● **Extracted records**:
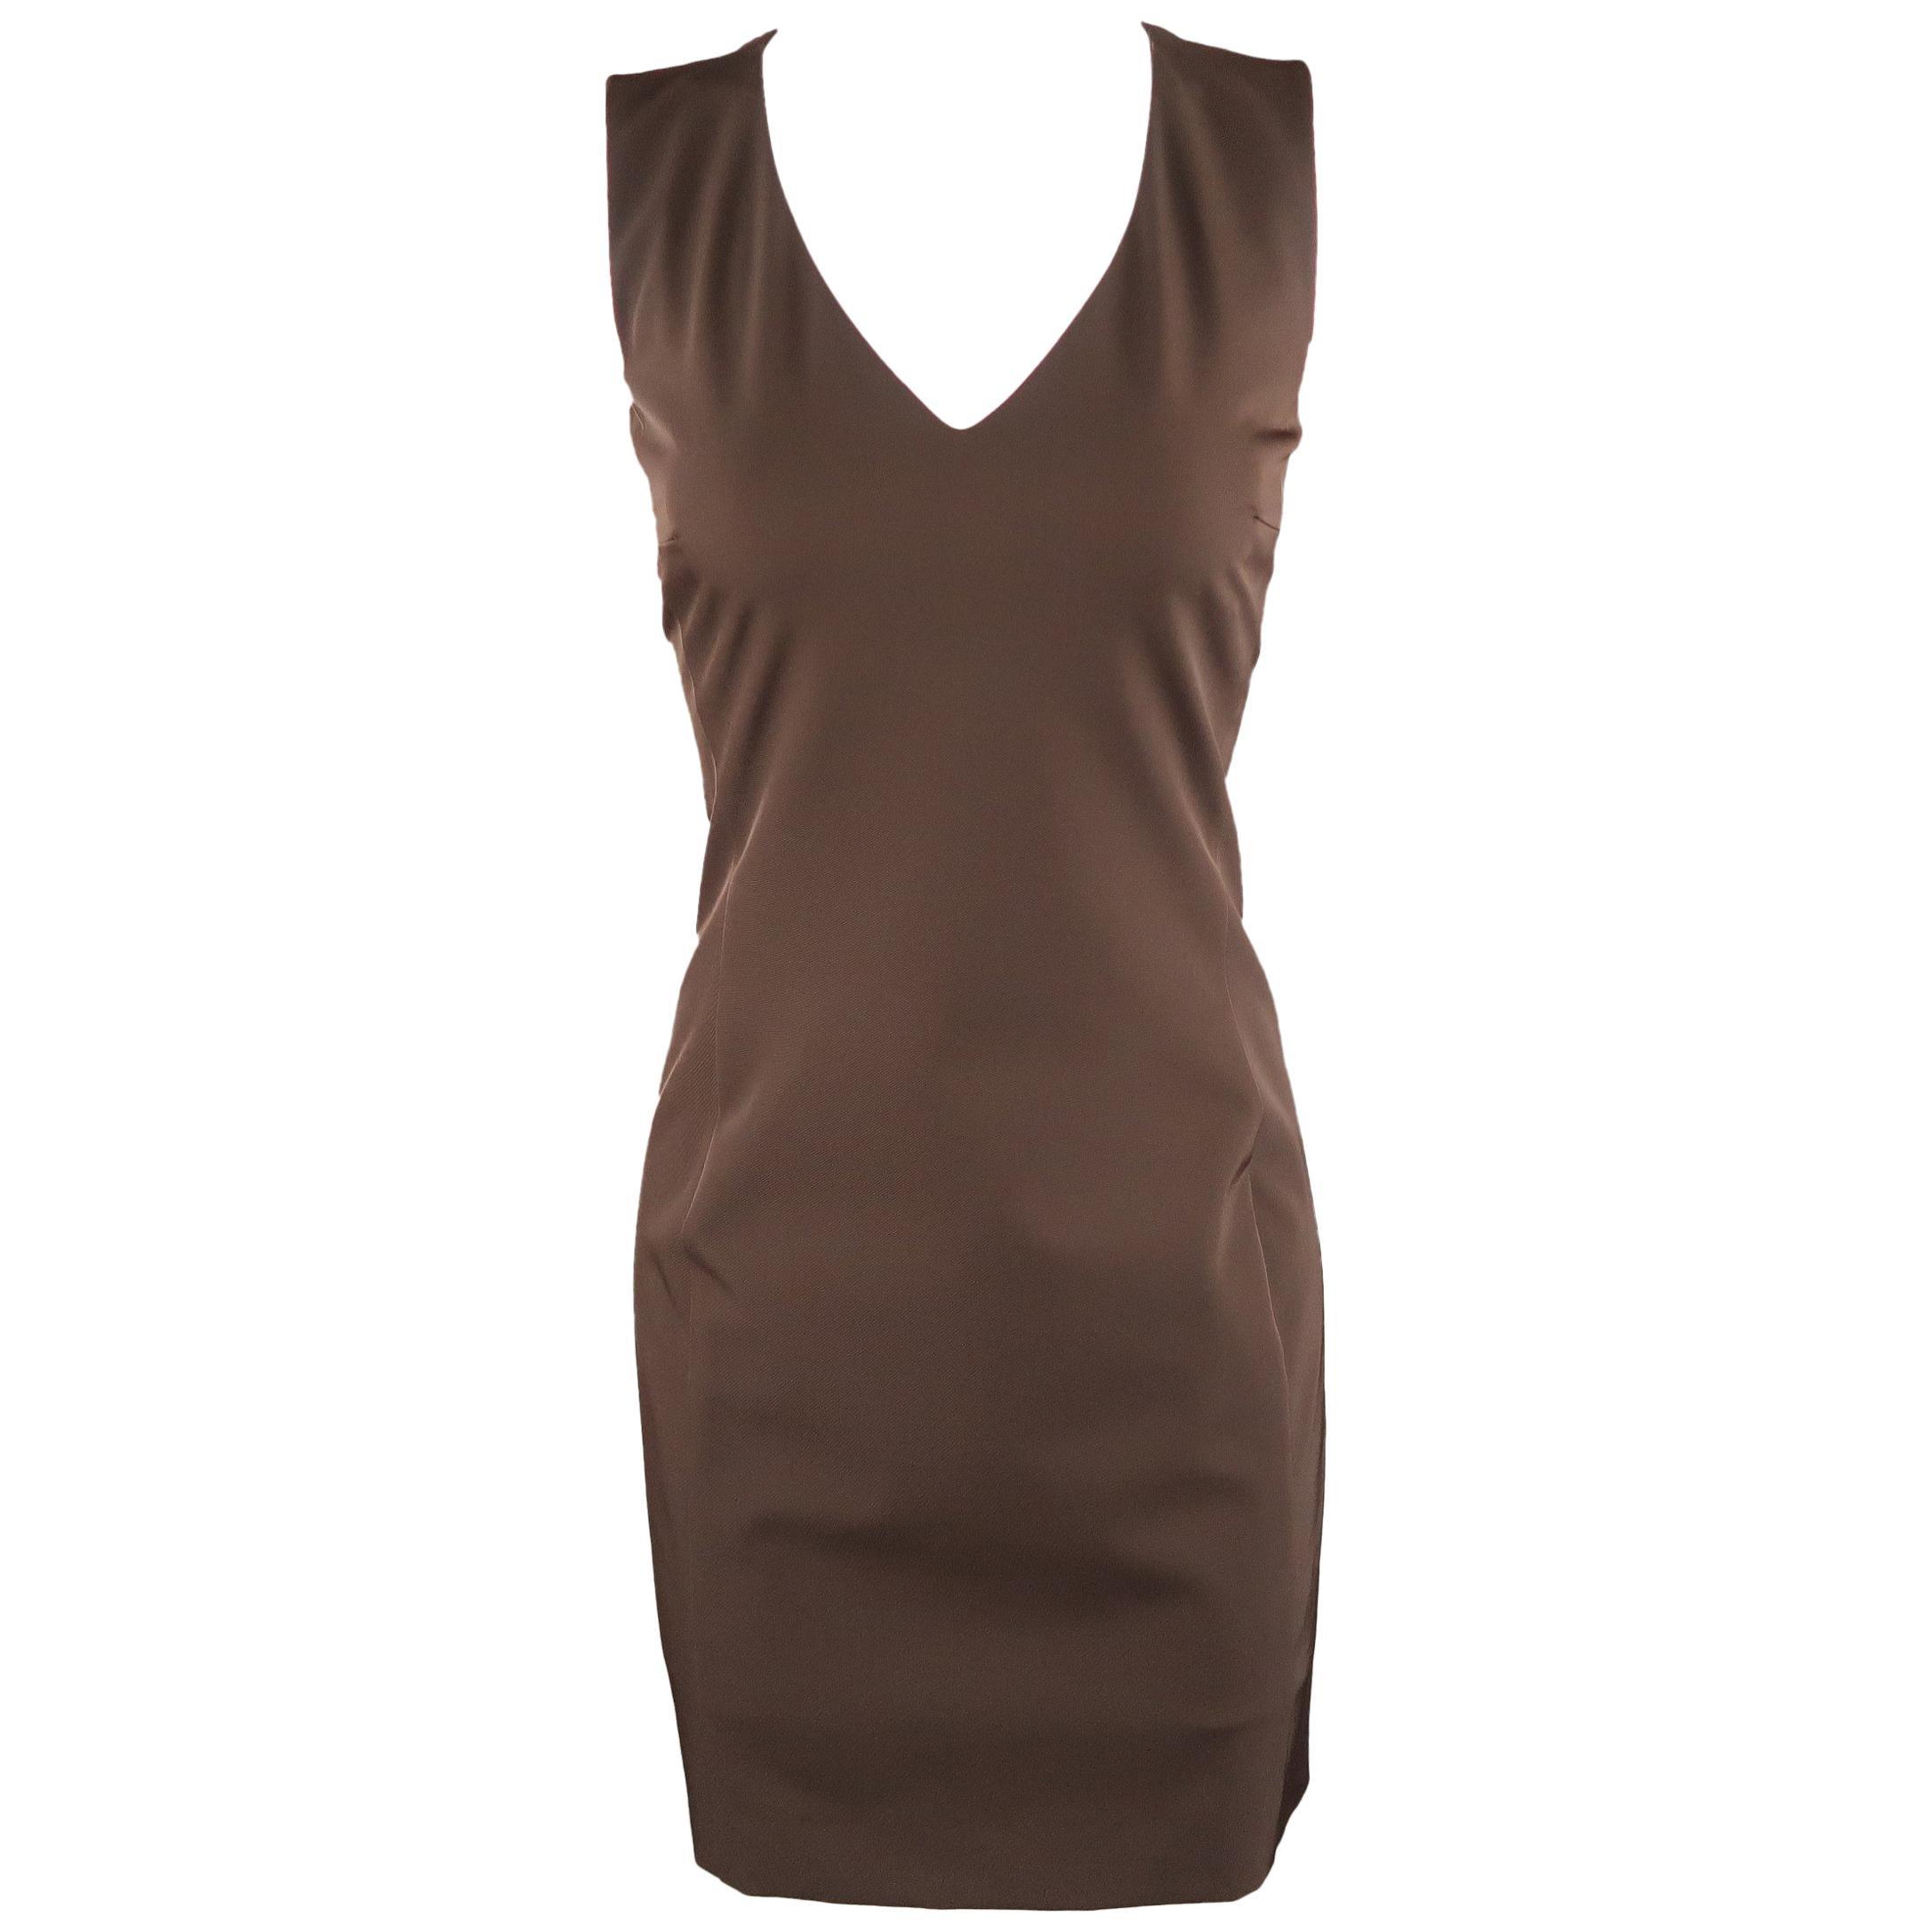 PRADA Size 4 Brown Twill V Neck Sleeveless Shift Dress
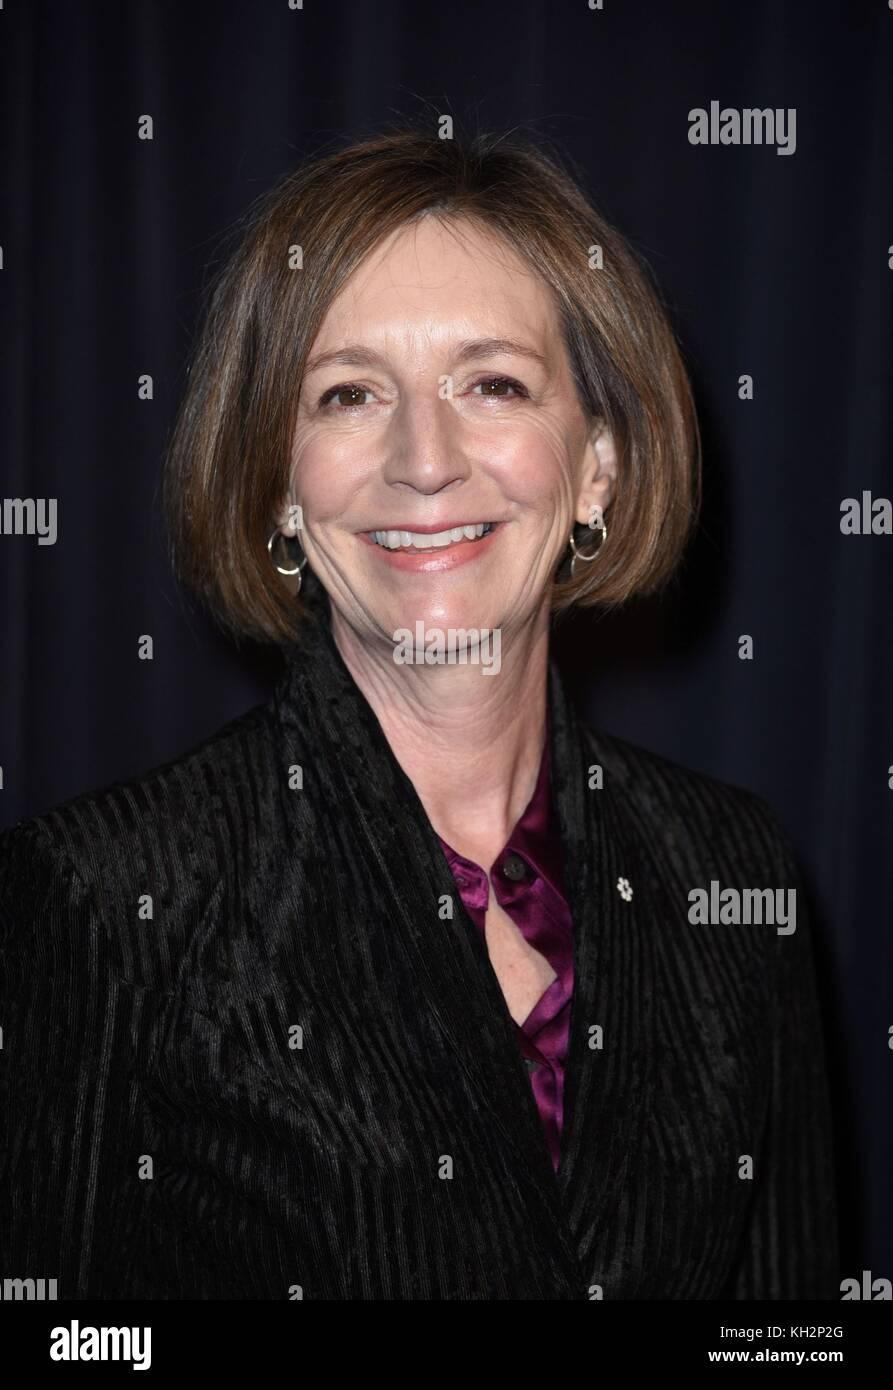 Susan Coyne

...

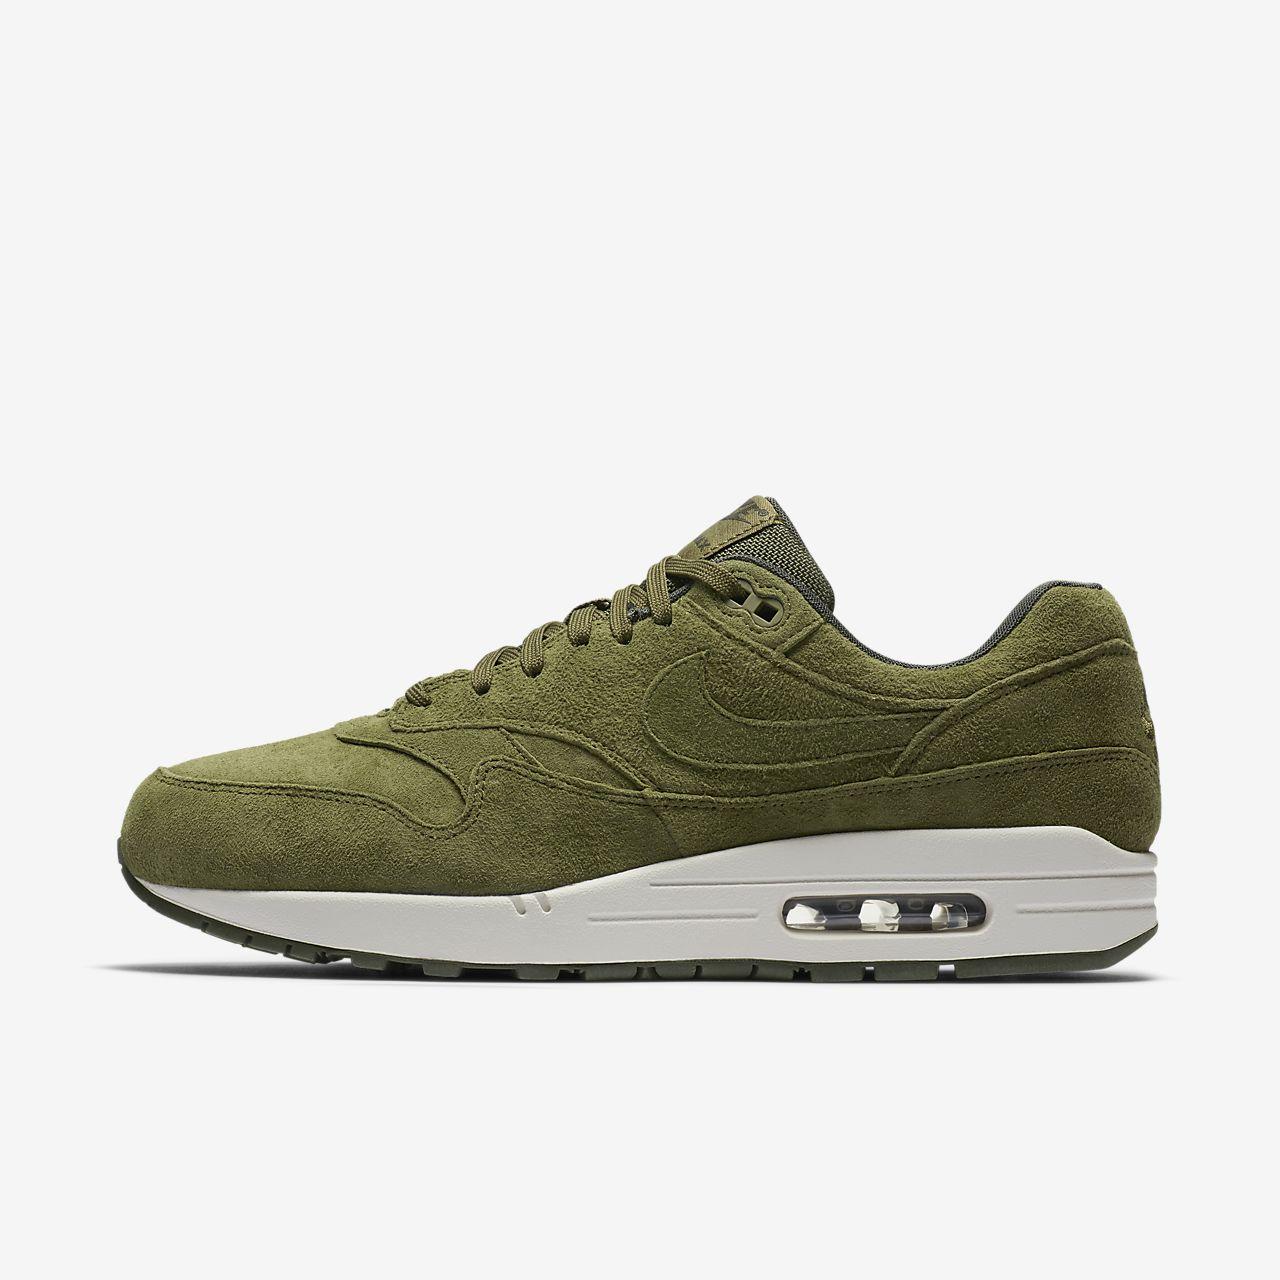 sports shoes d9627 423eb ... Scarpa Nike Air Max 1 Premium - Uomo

● **The problem**: Look above for the line with "PRADA Size 4", then give again exactly every line from there through the line with "Susan Coyne", skipping the pictures.

● **Answer to the exercise**:
 PRADA Size 4 Brown Twill V Neck Sleeveless Shift Dress
 Susan Coyne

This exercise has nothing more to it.